> [About this task] Repeat the listing exactly. Do not carry over any pictures.

> [Given data]
⁂

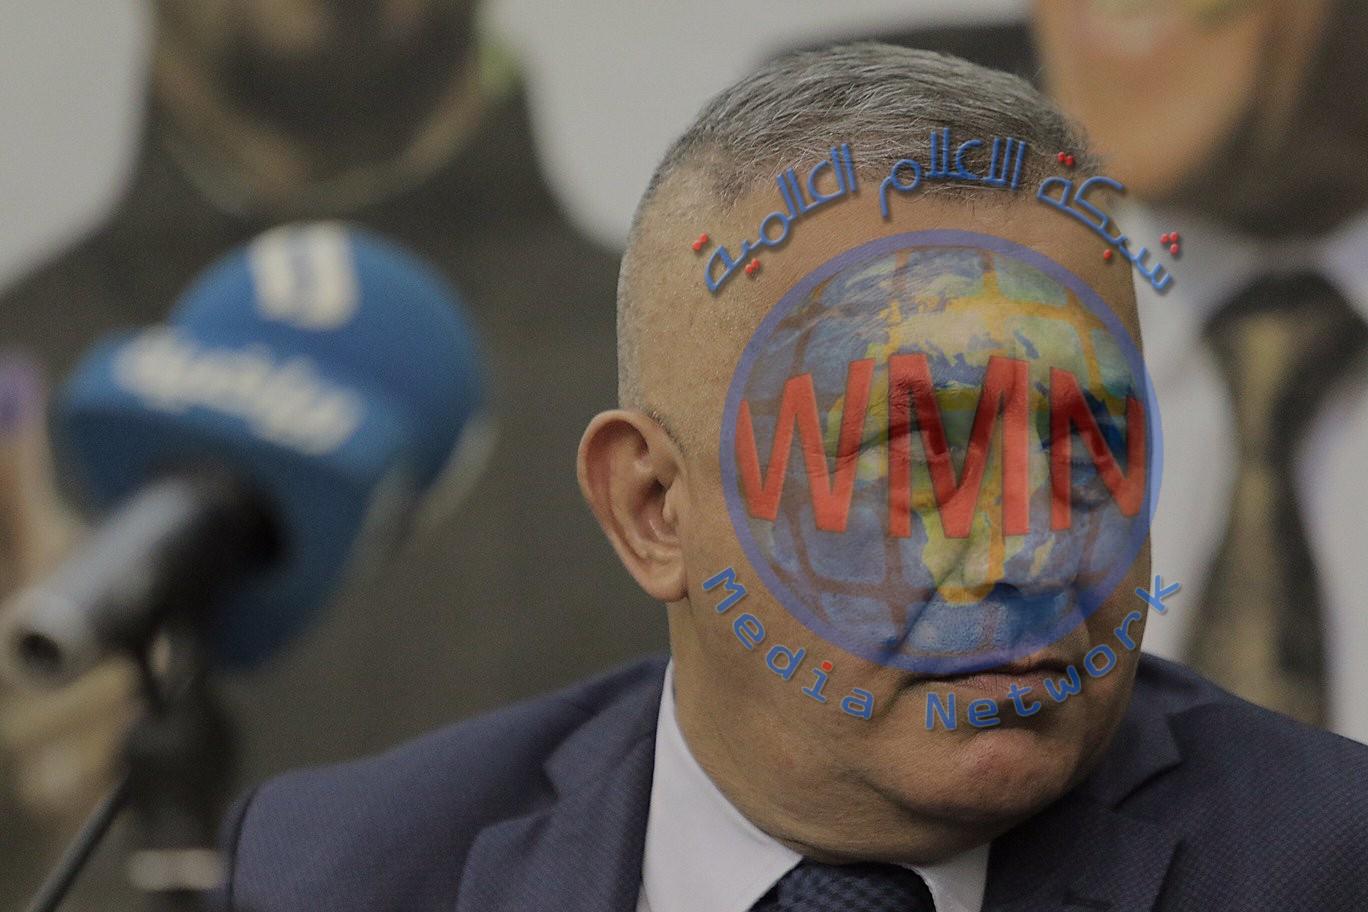 اياد بنيان يكشف سبب إلغاء الدوري ويحدد مصير كاتانيتش
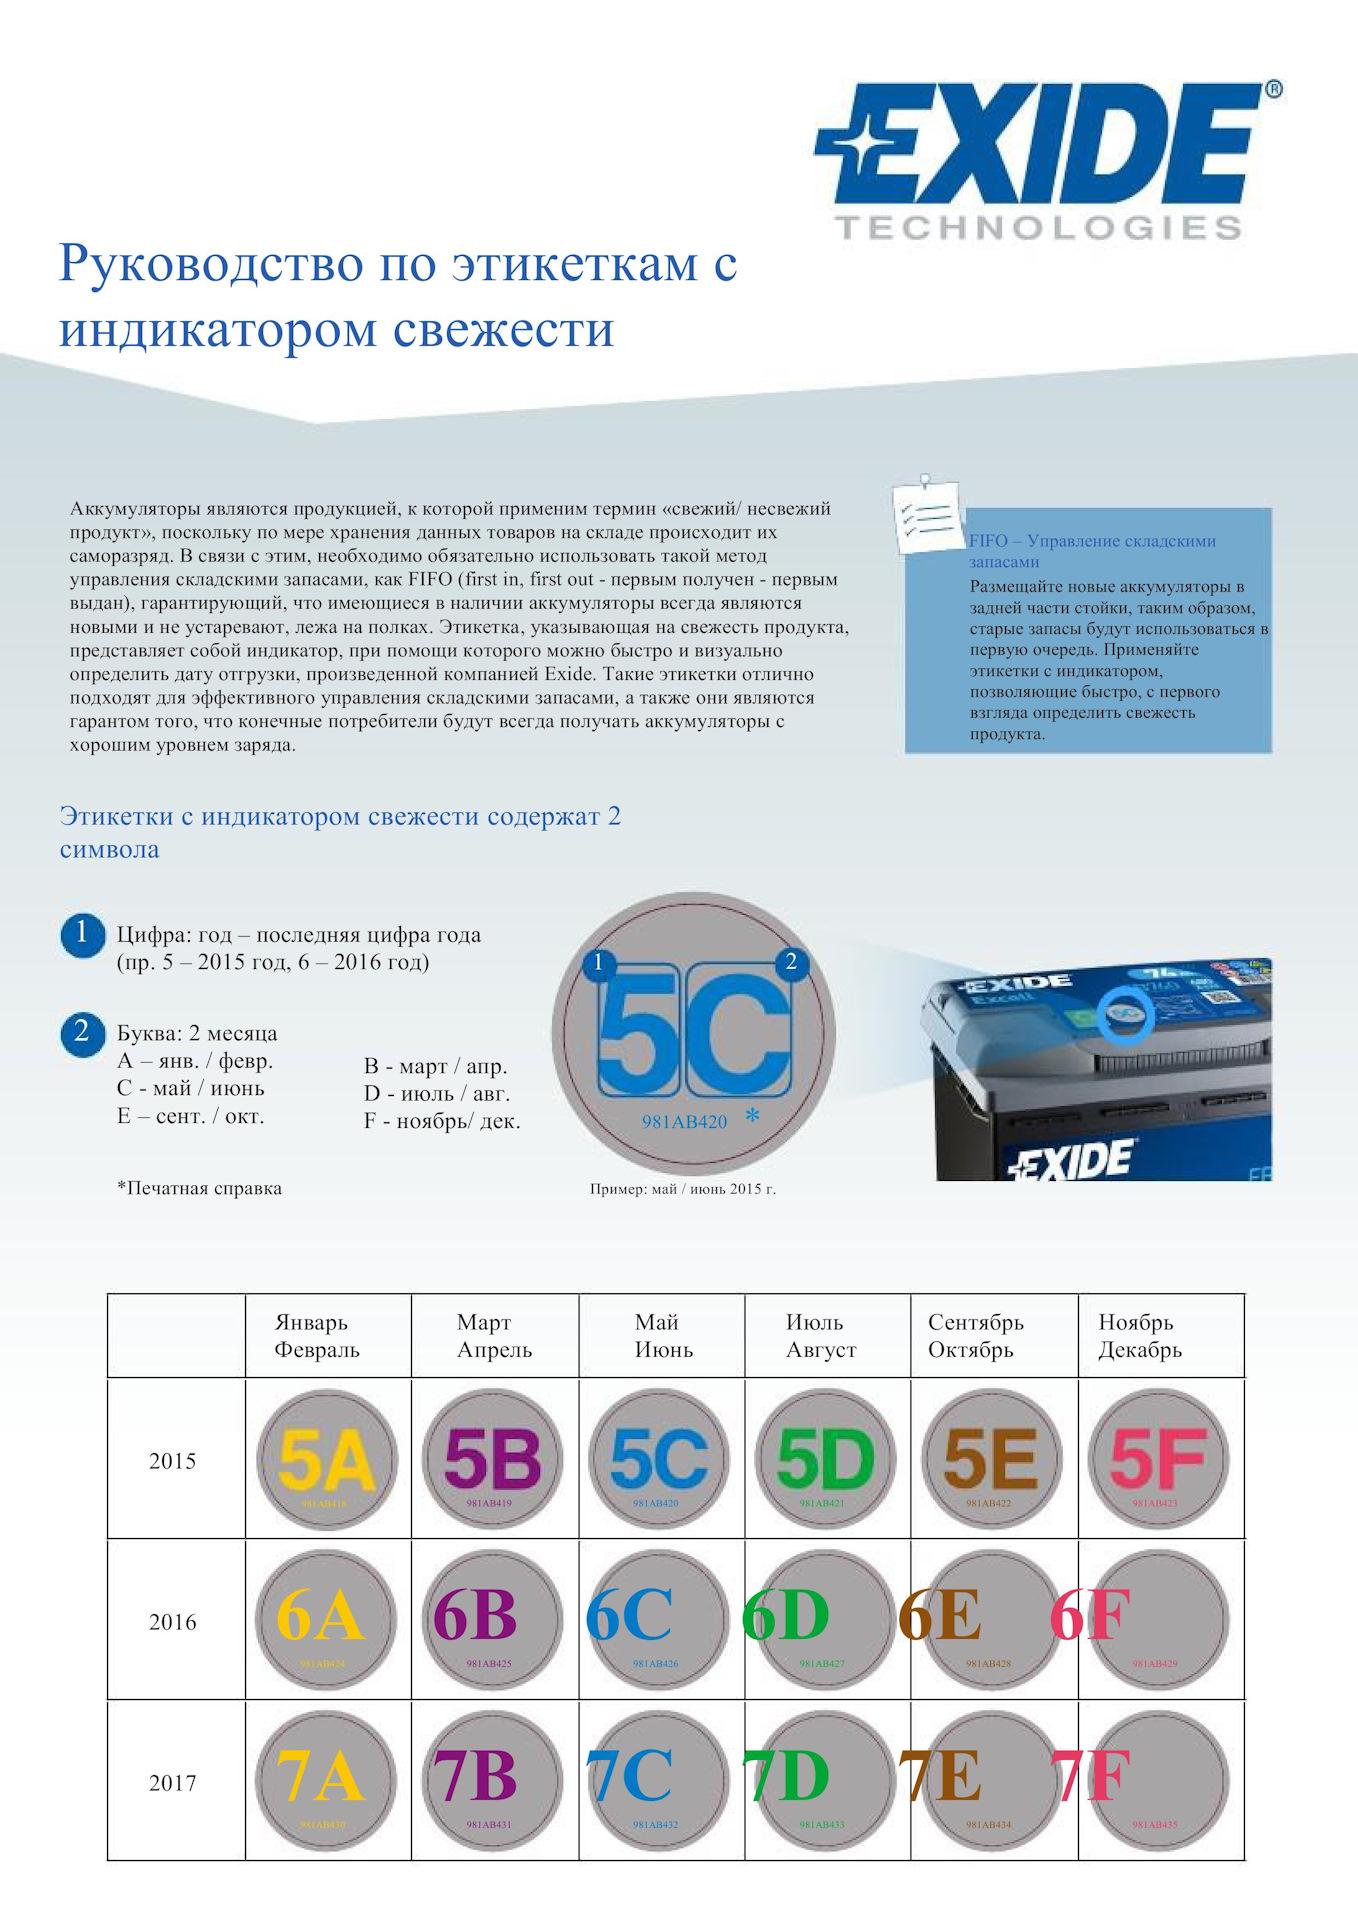 https://zavodilla.ru/images/upload/594c58es-1920.jpg
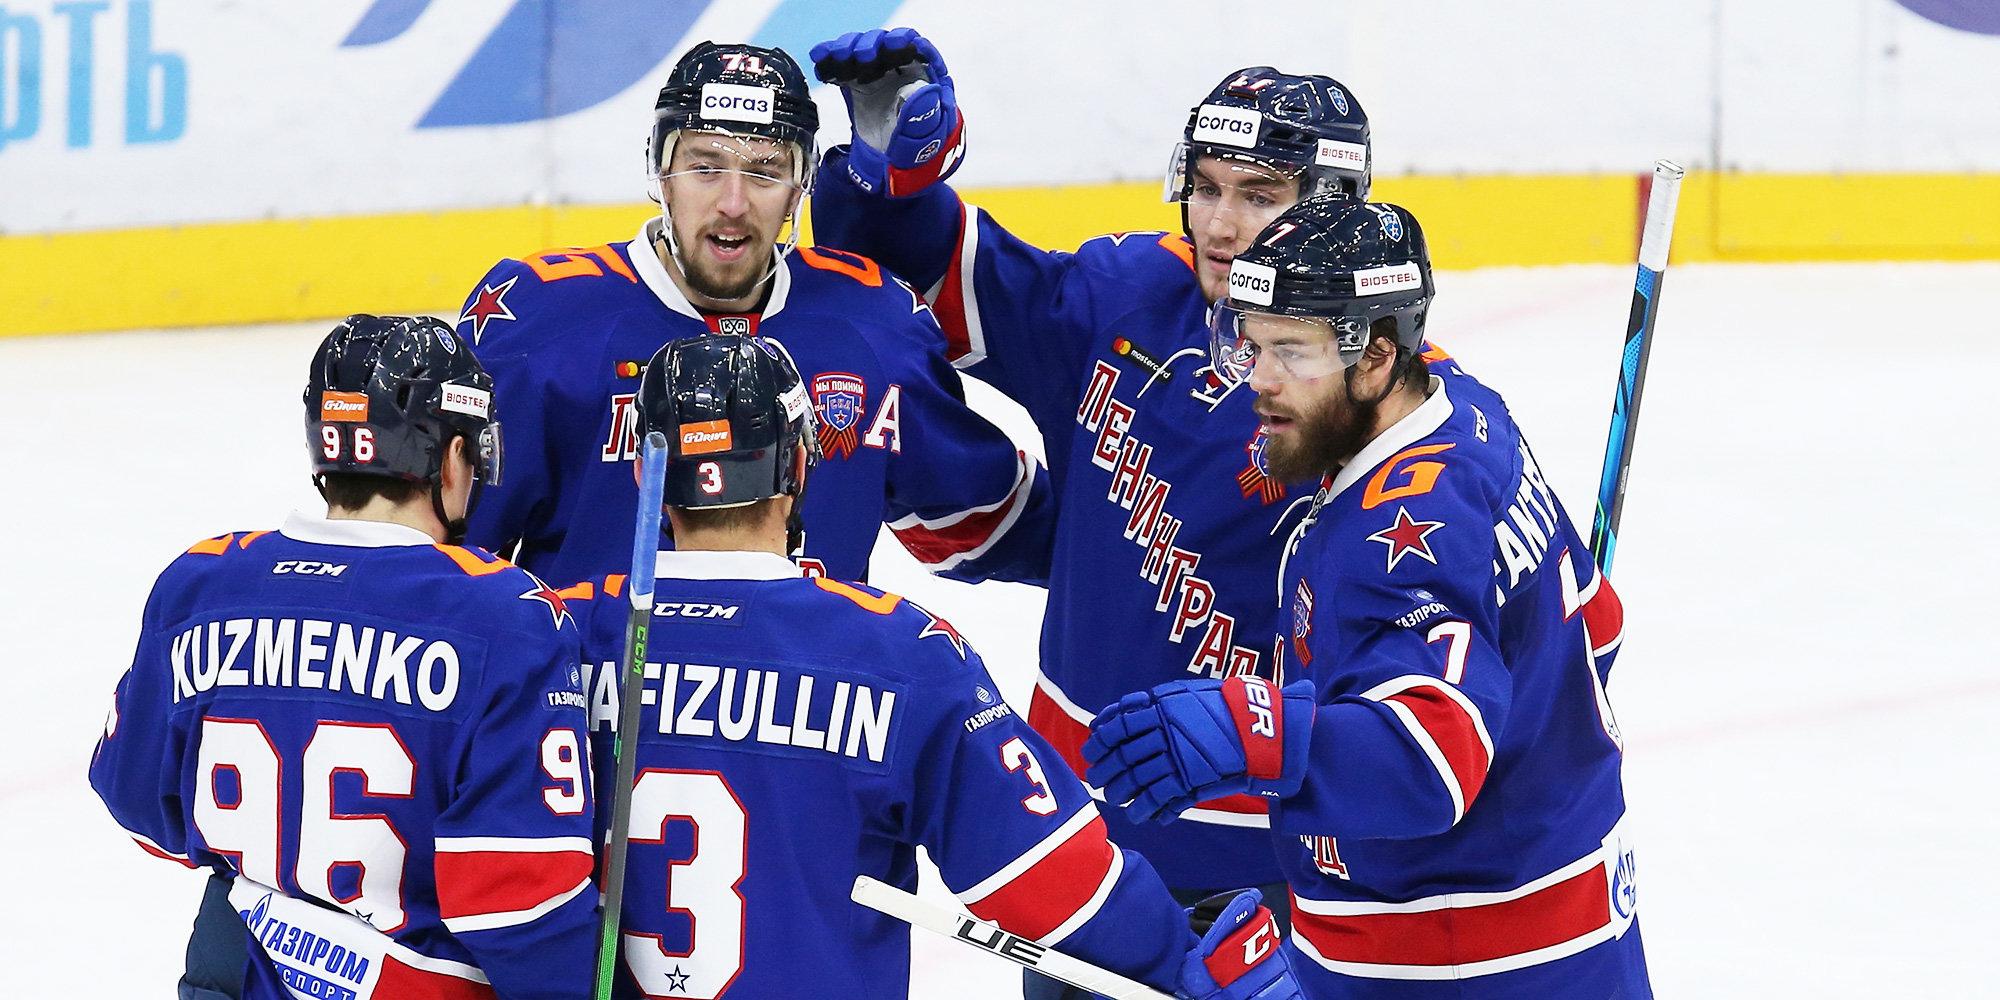 СКА отправил пять безответных шайб в ворота «Спартака» и обеспечил себе место в плей-офф

⁂

> [Result of the exercise]
 اياد بنيان يكشف سبب إلغاء الدوري ويحدد مصير كاتانيتش
 https://zavodilla.ru/images/upload/594c58es-1920.jpg
 СКА отправил пять безответных шайб в ворота «Спартака» и обеспечил себе место в плей-офф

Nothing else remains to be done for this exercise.